We came for bug hunting, and ended up publishing a series fixing the build system. The Maintainer has finally preferred his own version. Never mind the series, as long as you get the right flag. The fix was merged and is available in the QEMU 9.2 release.

Above and Beyond

Now that we fixed the most obvious issues, we can really start to observe the difference between emulation of x86-64 and aarch64 architectures.

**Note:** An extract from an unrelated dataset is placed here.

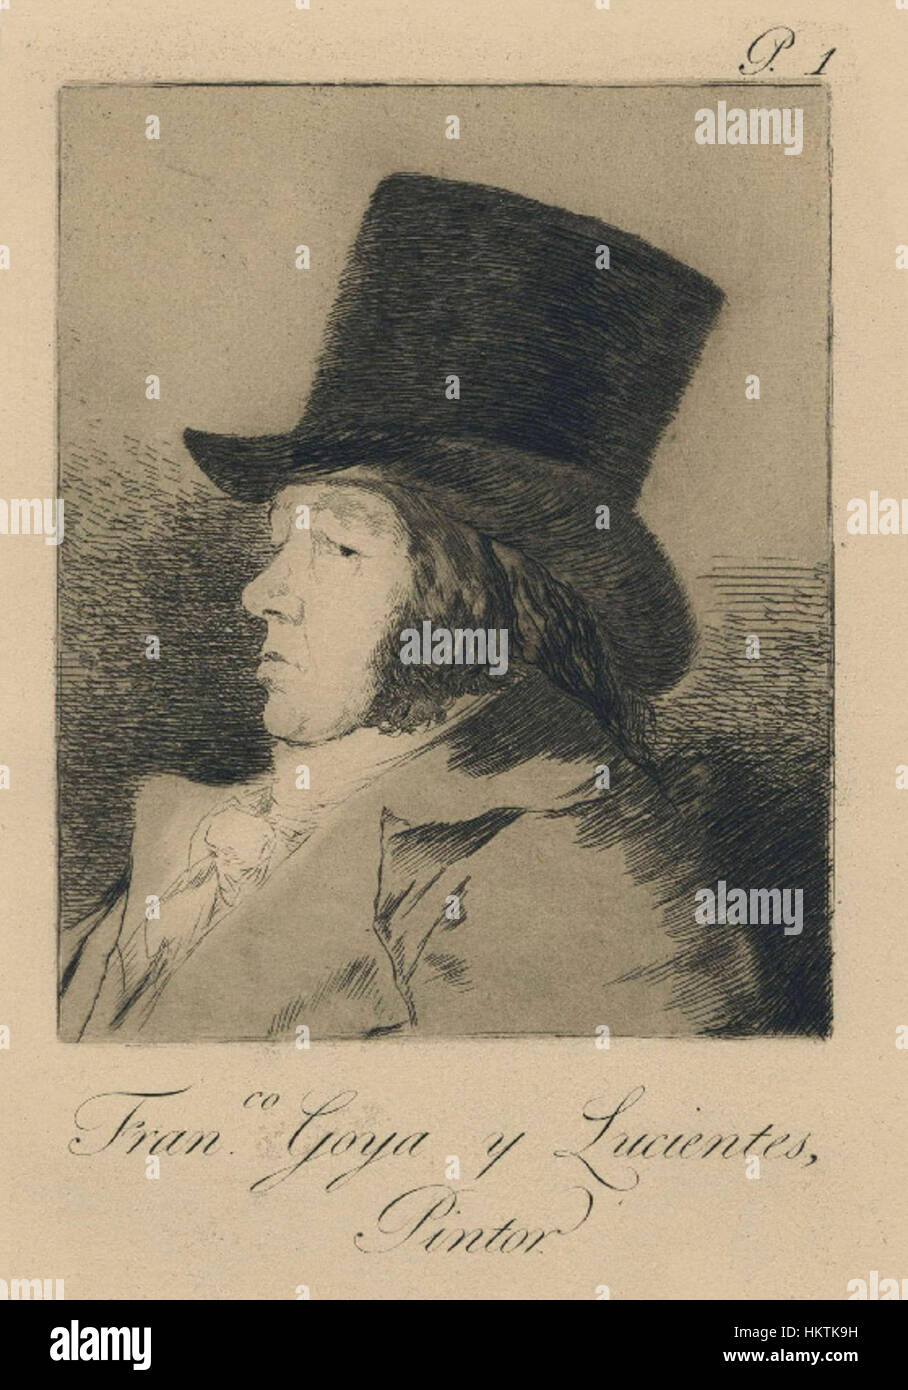 Francisco Goya y Lucientes Pintor Stock Photo
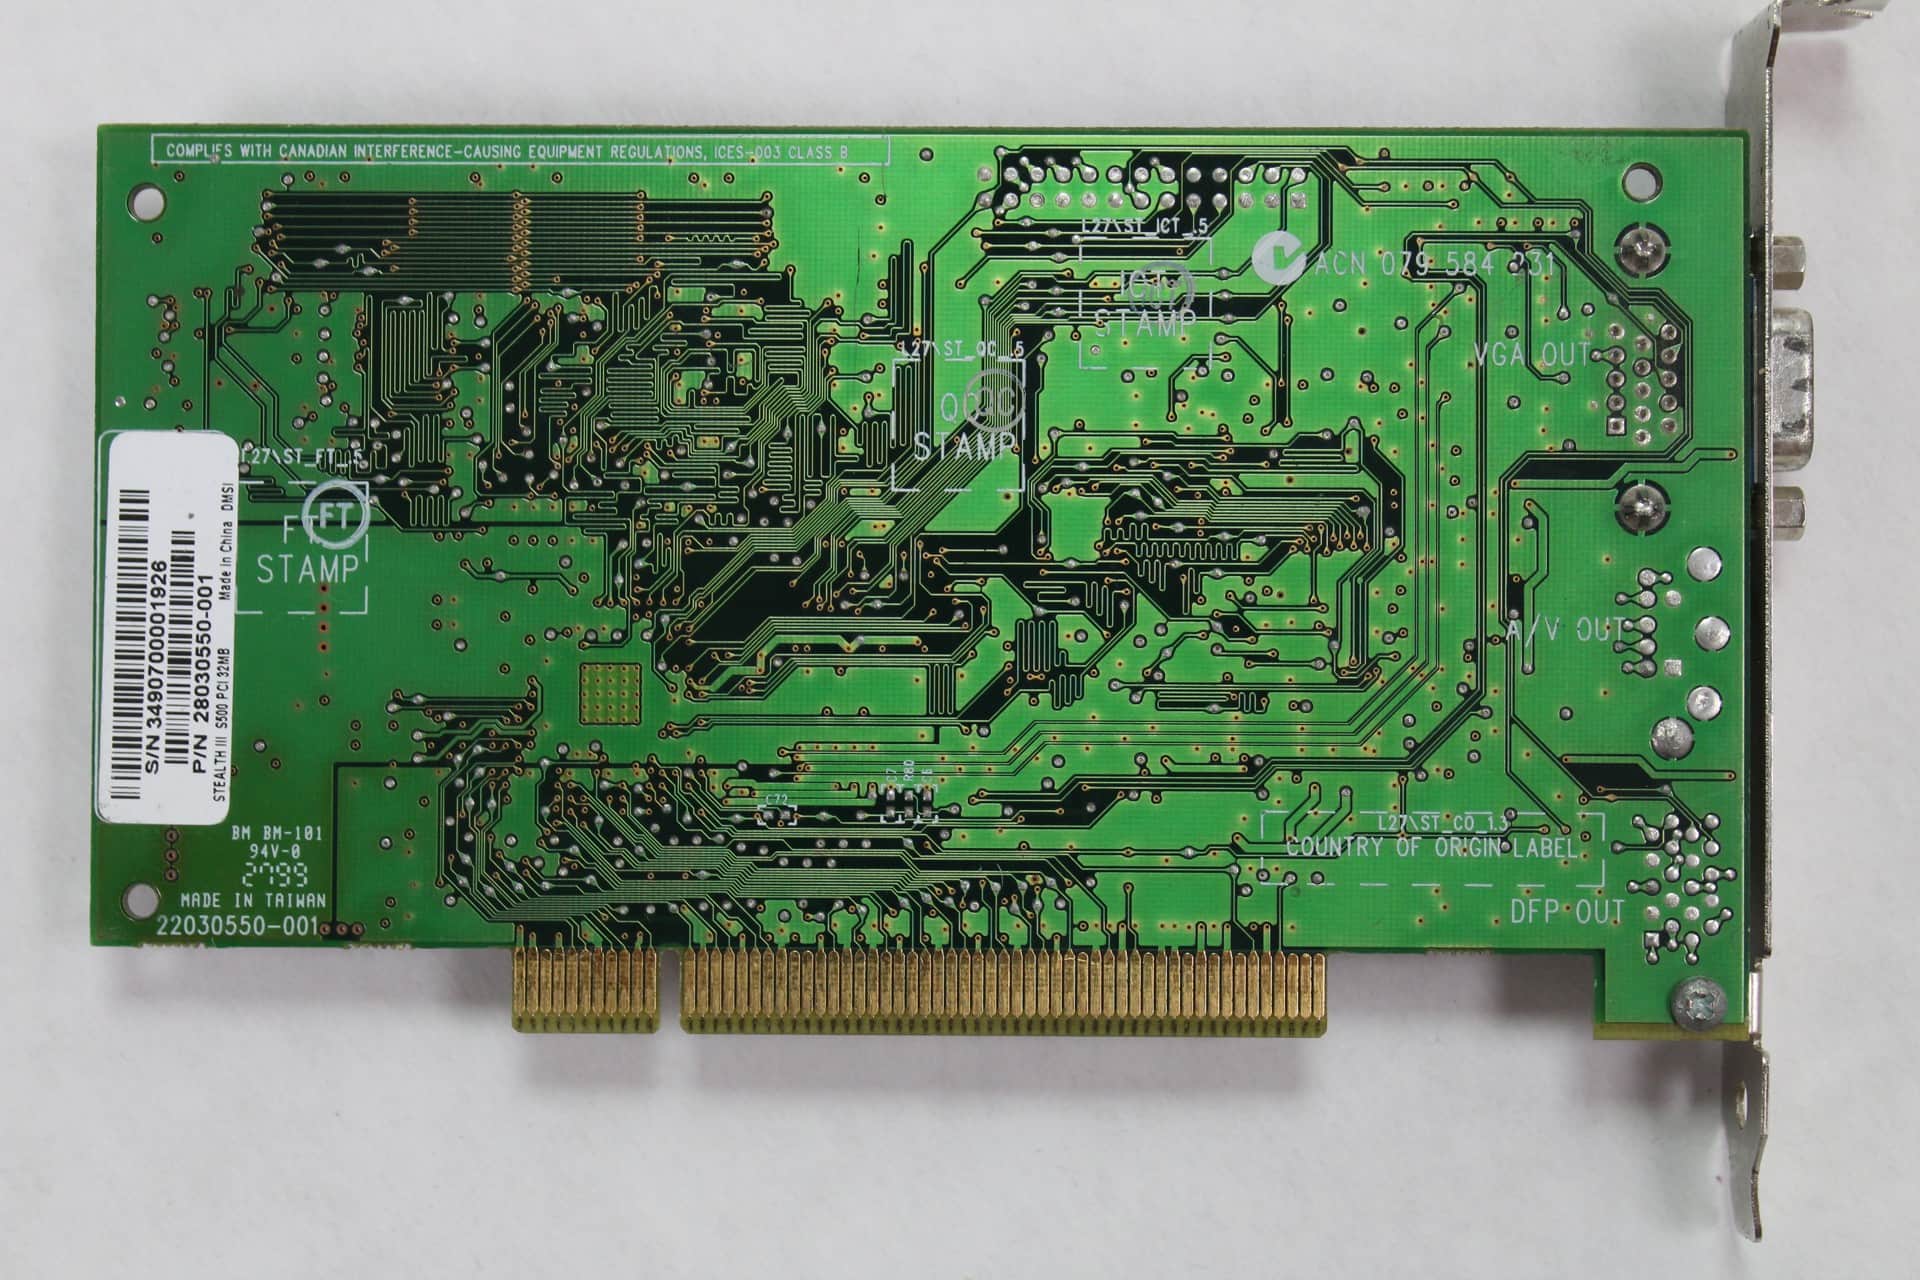 Daimond Stealth III S540 PCI

The difference between emulation of x86-64 and aarch64 architectures

The flamegraphs mostly look similar, but we can see that more time is spent in “helpers” on aarch64 side. Looking more closely, we can see it’s related to float and vectorized instructions. This is where our investigation ends for now.

You can find more details about our investigation, including original flamegraphs, on our wiki page.

Results

Now let’s get to the numbers! We present here the results to boot an Android VM on a x86-64 host.

The reference time was established using hardware assisted virtualization and 4 cpus, which is the fastest setup we observed. All other runs are using TCG software acceleration. All aarch64 runs are using the pointer authentication fast algorithm.

Android boot time using QEMU

Beyond absolute time, representing this as a slowdown factor is more interesting.

Android boot time slowdown using QEMU

In the end, running with TCG software acceleration is 8 times slower for x86-64 guest architecture and 12 times slower for aarch64 guest architecture, compared to using hardware acceleration. We can see that adding more than 4 guest cpus does not speed up the boot time.

Conclusion

In this blog post, we presented how we solved two performance issues observed with QEMU when booting Android, and potential source of performance improvements in the future.

Observing that emulation is slower by a factor of 10 compared to native execution could be seen as a disappointing result, but thinking about all the parts QEMU has to emulate (instructions, memory, devices), it’s a brilliant result, and proves it deserves its name of Quick EMUlator - you’ll recognize the acronym.

To answer the initial question that led to this investigation, it’s possible to boot an Android guest in less than 5 minutes on modern hardware.

As often happens, the most interesting part was not the destination, but the journey to get there. We had the opportunity to explore various parts of the QEMU and Android projects, and we hope you enjoyed it as well.

All those changes are part of the recent QEMU release 9.2 that you can download from QEMU official repository.